Try this zesty, mayonnaise free German potato salad made with white and purple potatoes, bacon, pickles and dressed with chive vinaigrette! A huge crowd pleaser at summer picnics and BBQs.
This salad goes well with our ultimate Homemade Burger!
The potato salad I grew up eating was loaded with mayonnaise and lots of other stuff. I loved it then and I still do! However, when summer comes around I crave variety. And this German cousin is just as good or even better if you are not a fan of mayo.
Dressed with a zesty chive vinaigrette, it packs a little punch, especially when paired with pickles. It’s satisfying yet not too heavy. Absolutely perfect for summer meals.
It pairs well with grilled meat, sausages, bratwurst, you name it! I had a very similar salad in a restaurant in Berlin, served on a side of a veal schnitzel. Can you see the versatility of it?!
Bavarian Potato Salad
There are 3 main types of potato salad in Germany. The one I am sharing today is from Bavaria. I stayed true to the basic recipe of waxy potatoes, bacon, pickles and chives but omitted beef broth in the dressing.

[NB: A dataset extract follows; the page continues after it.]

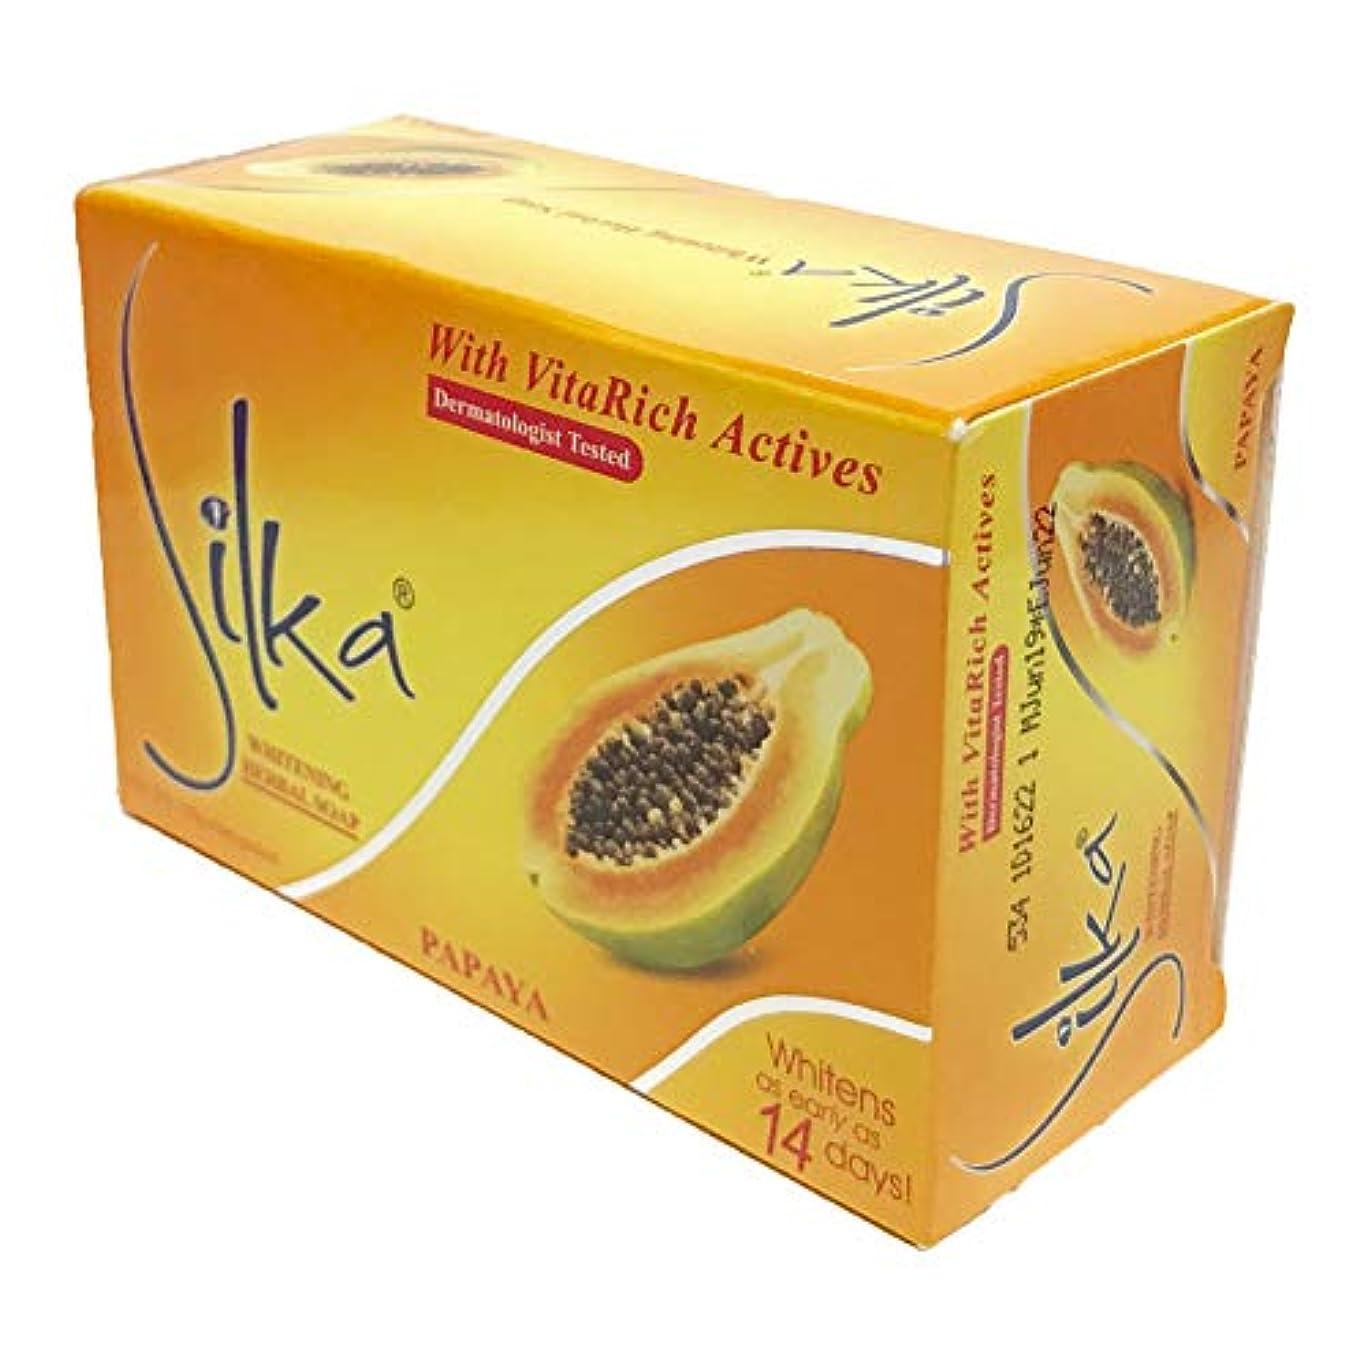 欠席悲劇的なヒントシルカ パパイヤソープ 135g Silka papaya soap

Instead I made a classic vinaigrette with an addition of chives. Another change I introduced is purple potatoes. I thought their sweetness would play nicely with the tart flavours of pickles and vinegar and I was right. The balance was perfect!

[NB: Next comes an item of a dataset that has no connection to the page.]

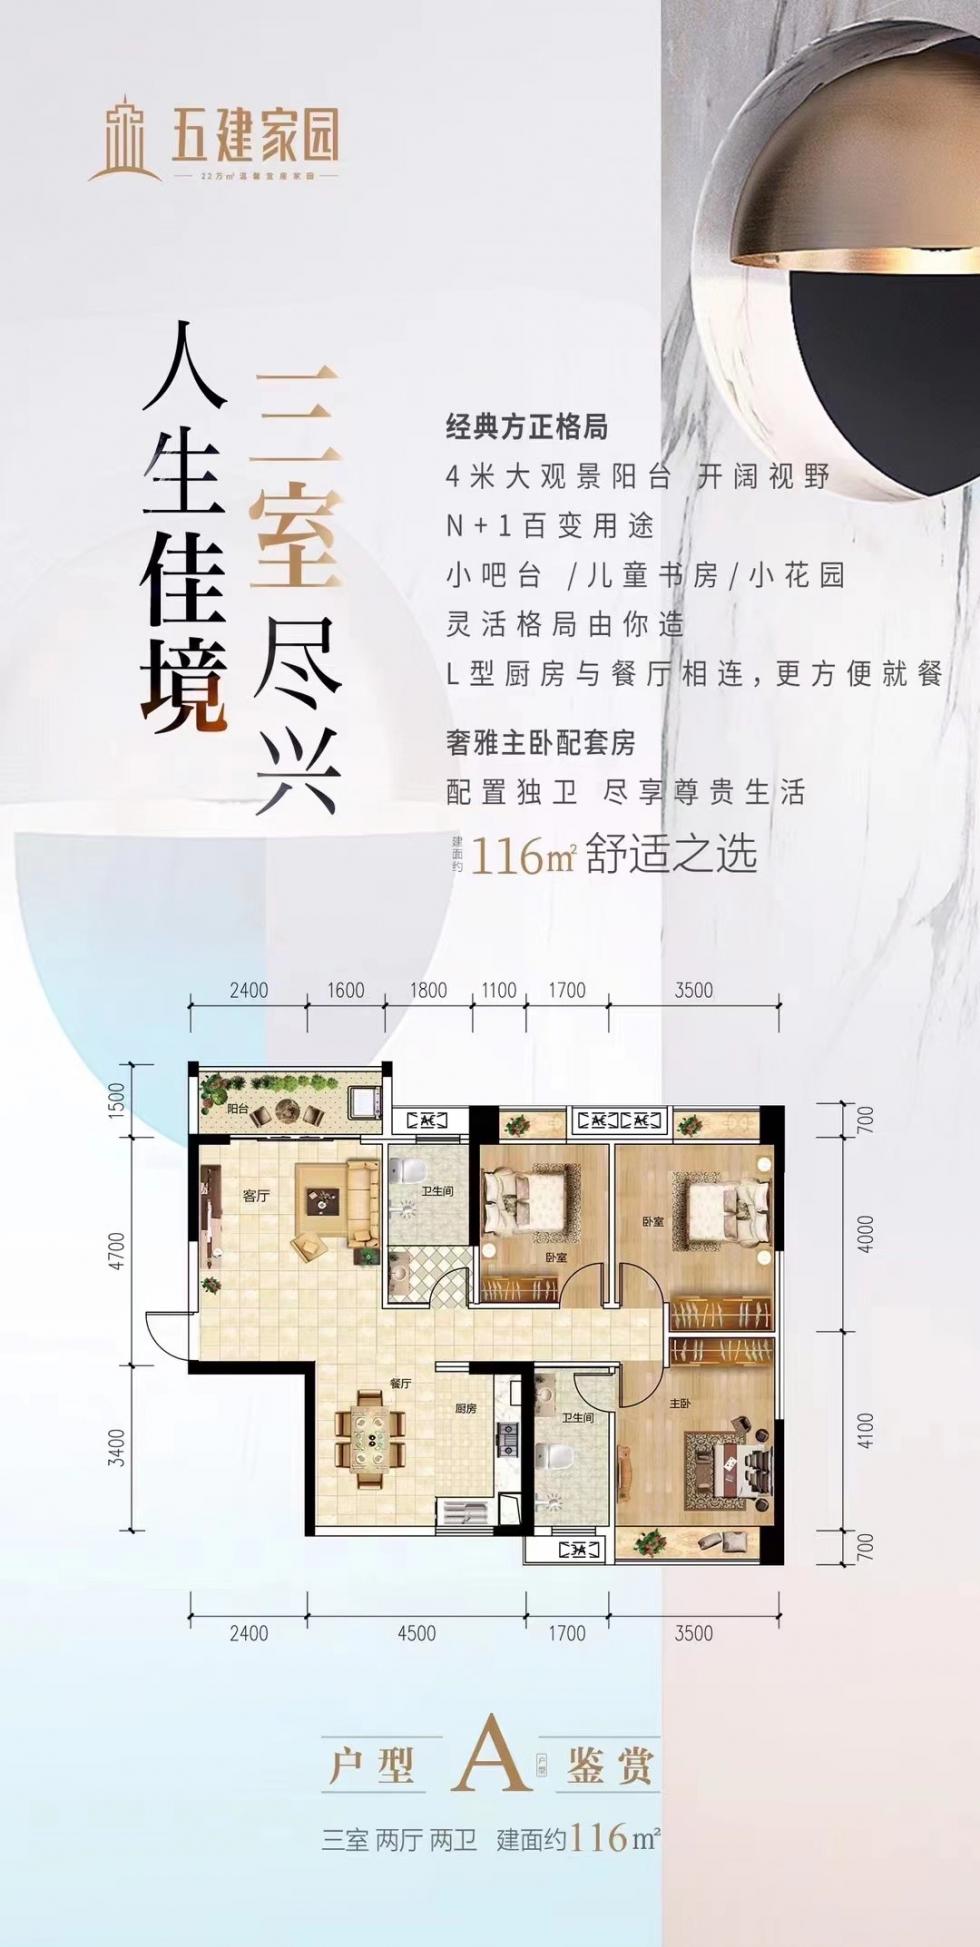 五建家园.jpg

Purple potatoes are only now becoming mainstream in the West but they have been used in the Asia for ages. I first learned about their existence during my year in the Philippines more than 2 decades ago, where they are known as “ube”, and are used extensively but mostly in sweet treats!
If you are a fan of orange sweet potatoes, you will fall in love with the purple ones as well. Gorgeous colour, sweet taste, and firmer than sweet potatoes texture make them very suitable for a potato salad.
Recipe Tips and Notes
- First of all, this potato salad need some time to sit in the fridge for the dressing to do its magic. Let the flavour meld for at least 2-3 hours before serving.

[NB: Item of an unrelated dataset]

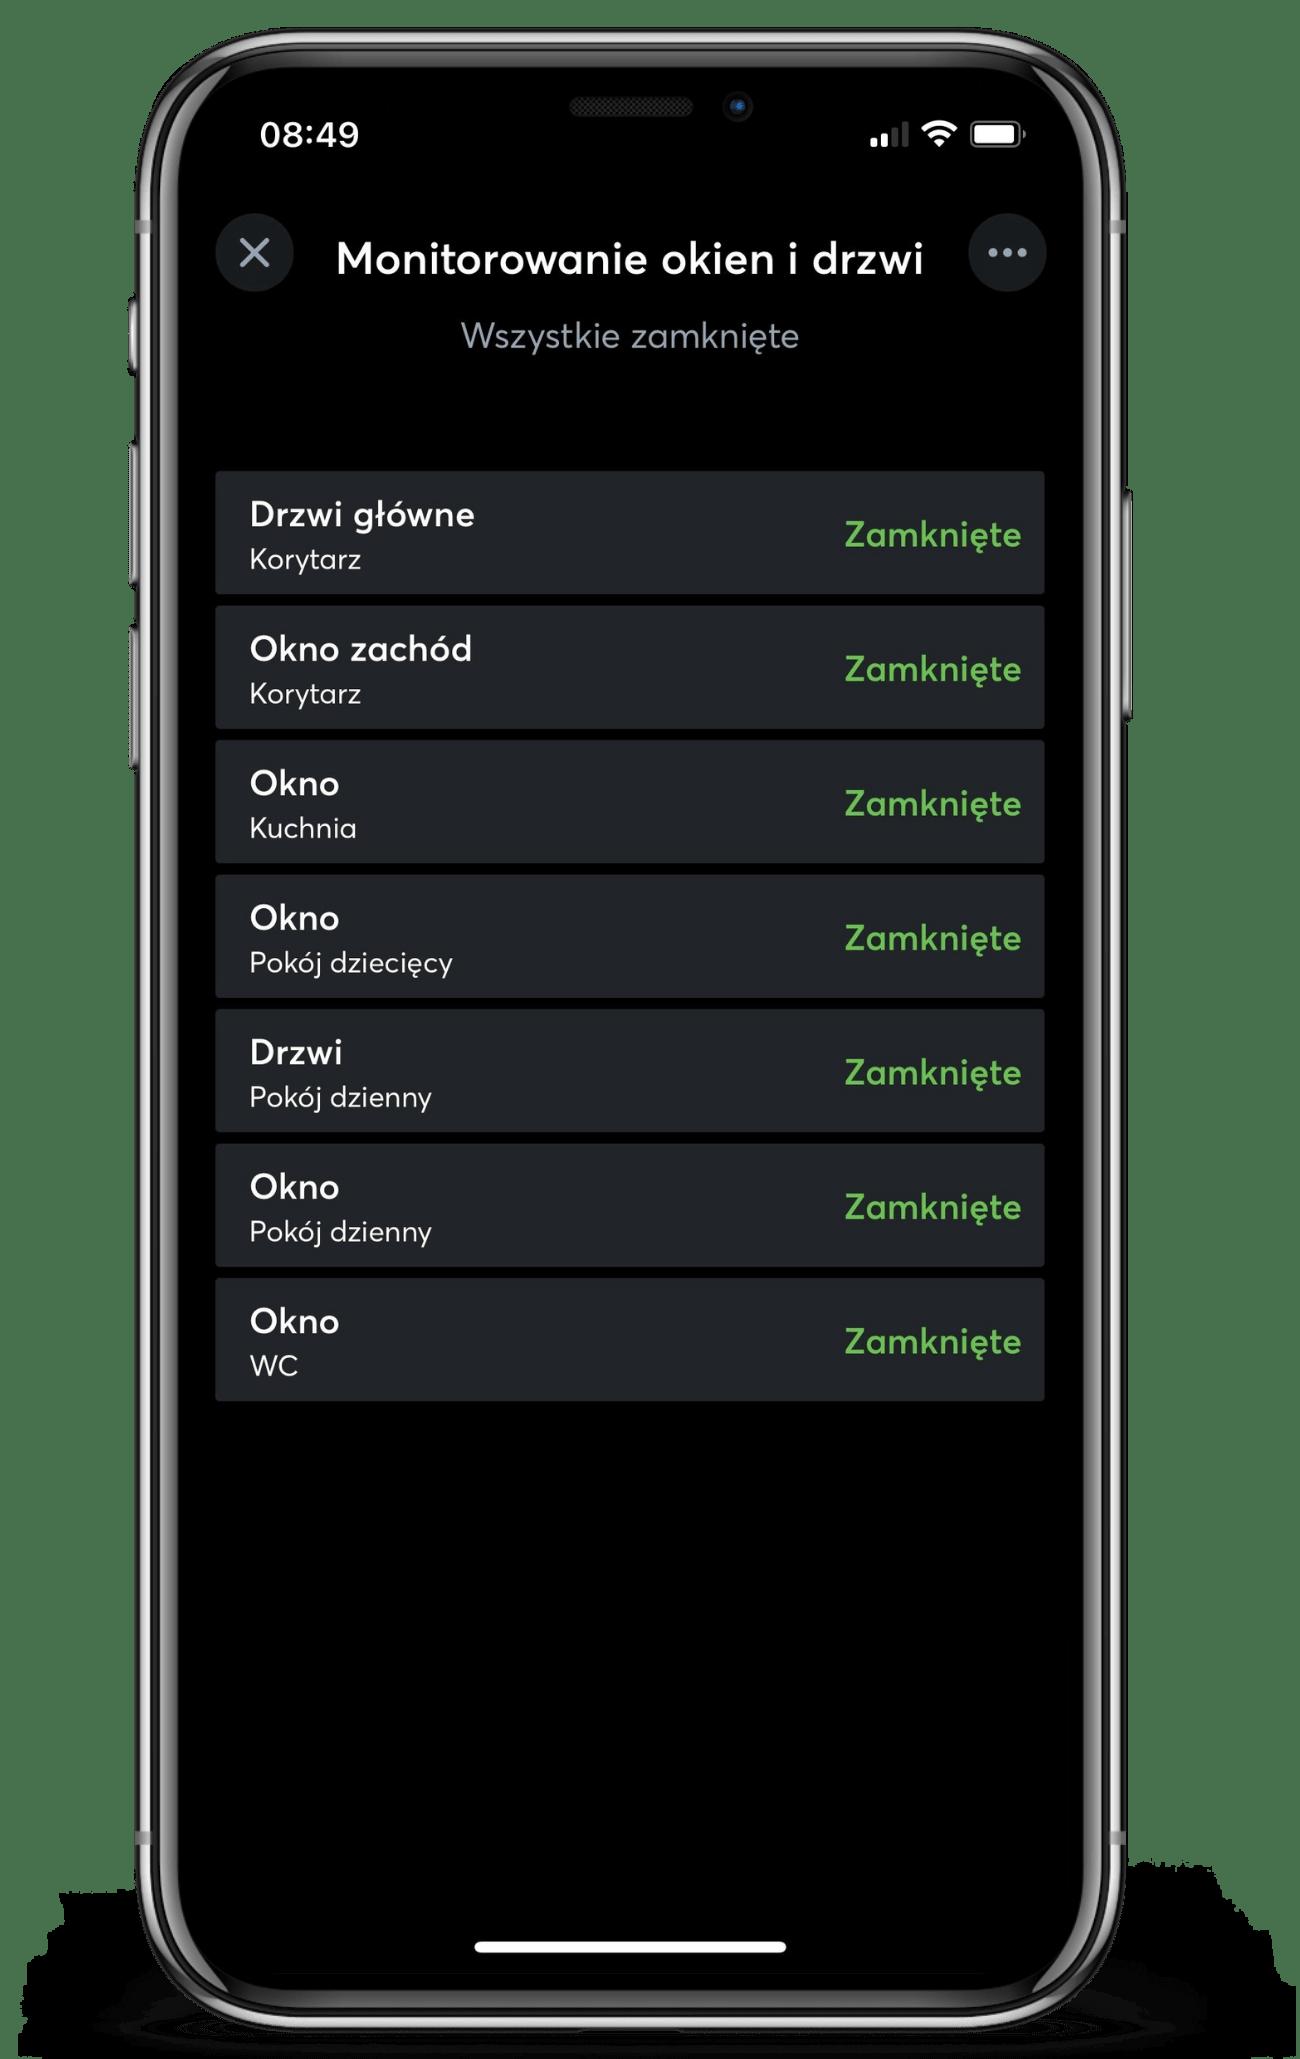 Monitoring drzwi i okien w aplikacji Loxone

- Secondly, used the right type of spud! You will need waxy potatoes for a salad. They hold their shape so much better and have a pleasing sweet taste as opposed to starchy/floury potatoes.
- I used new potatoes, which are always waxy as starch doesn’t have time to develop yet but mature red potatoes are also great in salads.
- I prefer cooking the potatoes for salads in my Instant Pot. I find it faster and the potatoes always come out perfect. It takes only 5 minutes at high pressure for baby potatoes and thin purple potatoes, which I used.
- Potatoes are traditionally peeled, then sliced in thick rounds in German potato salads.
- I used dill mini pickles also called cornichons. You can use regular pickles but I would steer clear of the sweet bread and butter ones for this recipe.
- Finally, use German mustard in the dressing if you can source it. Otherwise, you can use wholegrain mustard or Dijon mustard like I did.
Favourite Potato Salad Recipes:
- Dill Potato Salad
- Fingerling Potato Salad with Green Goddess Dressing
- Spinach Pesto Potato Salad with Bacon
- Russian Potato Salad Oliver
German Potato Salad with Bacon and Chive Vinaigrette
- 1 lbs baby potatoes waxy
- 3 purple potatoes optional
- 5-6 strips bacon streaky
- 7-8 baby pickles(gherkins)
- 10g/1/4 cup fresh chopped chives
- 2 tbsp white wine vinegar
- 1 tsp whole grain mustard
- ½ tsp Dijon mustard
- 1 tsp sugar
- 4-5 tbsp olive oil
- 1 tsp salt
- Cook white and purple potatoes unpeeled, then cool them and peel. I prefer cooking my potatoes in Instant Pot for 5 minutes at High Pressure but you can simply boil them, which will take 10 minutes.
- Fry the bacon and put on two sheets of paper towel to absorb extra grease, then transfer to a cutting board and chop.
- Slice both white and purple potatoes in thick rounds, slice the pickles and combine in a large bowl. Add the chopped bacon.
- Make the dressing by mixing together the white wine vinegar, both mustards, sugar and the olive oil. Stir in chopped chives and pour the dressing over the salad, mix and salt to taste.Refrigerate for the flavours to meld for at least 1 hour. Serve cold.